Dean was charged with grand larceny in September 2010 – although the statute of limitations prevented him from being charged with thefts and misconduct over his entire tenure as NYDOCS’s food director.

“The actions for which Mr. Dean was charged took place prior to the current administration, which corrected the lack of oversight that allowed this behavior to occur,” said NYDOCS spokesman Erik Kriss. “Although Mr. Dean helped build a cost-effective food operation that continues to save money for the state prison system and for many counties, we do not condone any actions by him or any other employee that fall outside the boundaries of acceptable conduct.”

Dean’s attorney, Dennis Sedor, remained optimistic and indicated that blame might be spread elsewhere. “I’m confident he is not the only person involved,” Sedor remarked.
“There are others, both above and below him. This wasn’t done in a vacuum, in isolation.”
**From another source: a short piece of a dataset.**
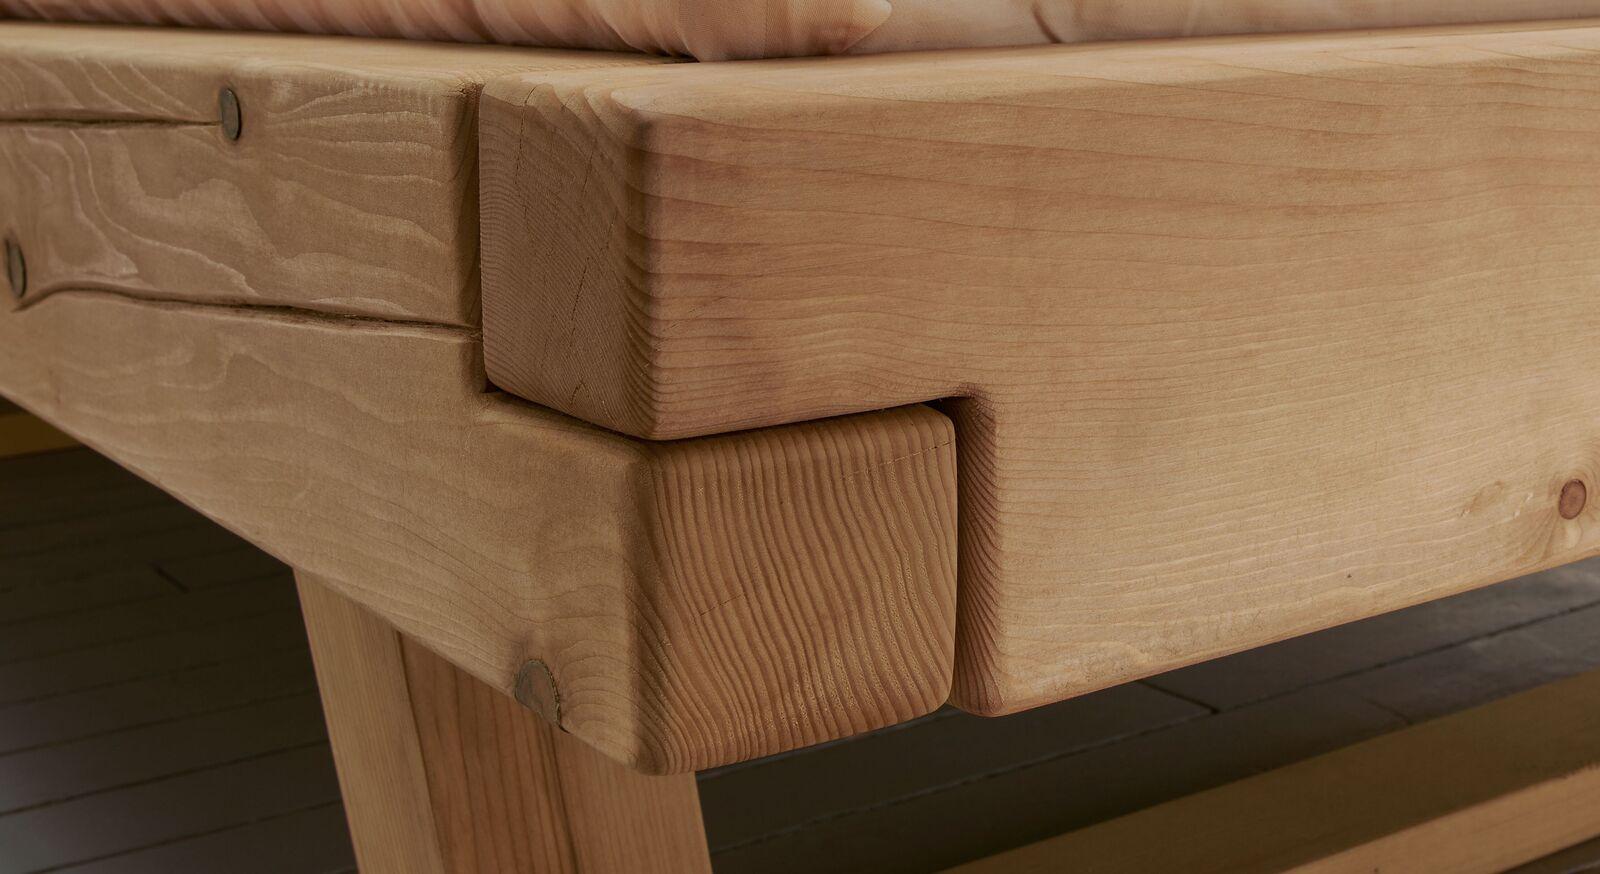 Balkenbett aus Fichte mit robuster Eckverbindung

Ultimately, though, Dean was the only one convicted, after pleading guilty in March 2011 to second-degree grand larceny related to submitting false attendance and travel vouchers.
He was sentenced to six months in jail, five years of probation and ordered to pay $100,000 in restitution. Yet more than 18 months later, as of October 2012, he had not reported to serve his jail time, citing heart surgery and other medical issues.

“To incarcerate him could constitute a death sentence, and I don’t think anyone wants that,” said Sedor. “I think everybody is looking to protect his health at this time.”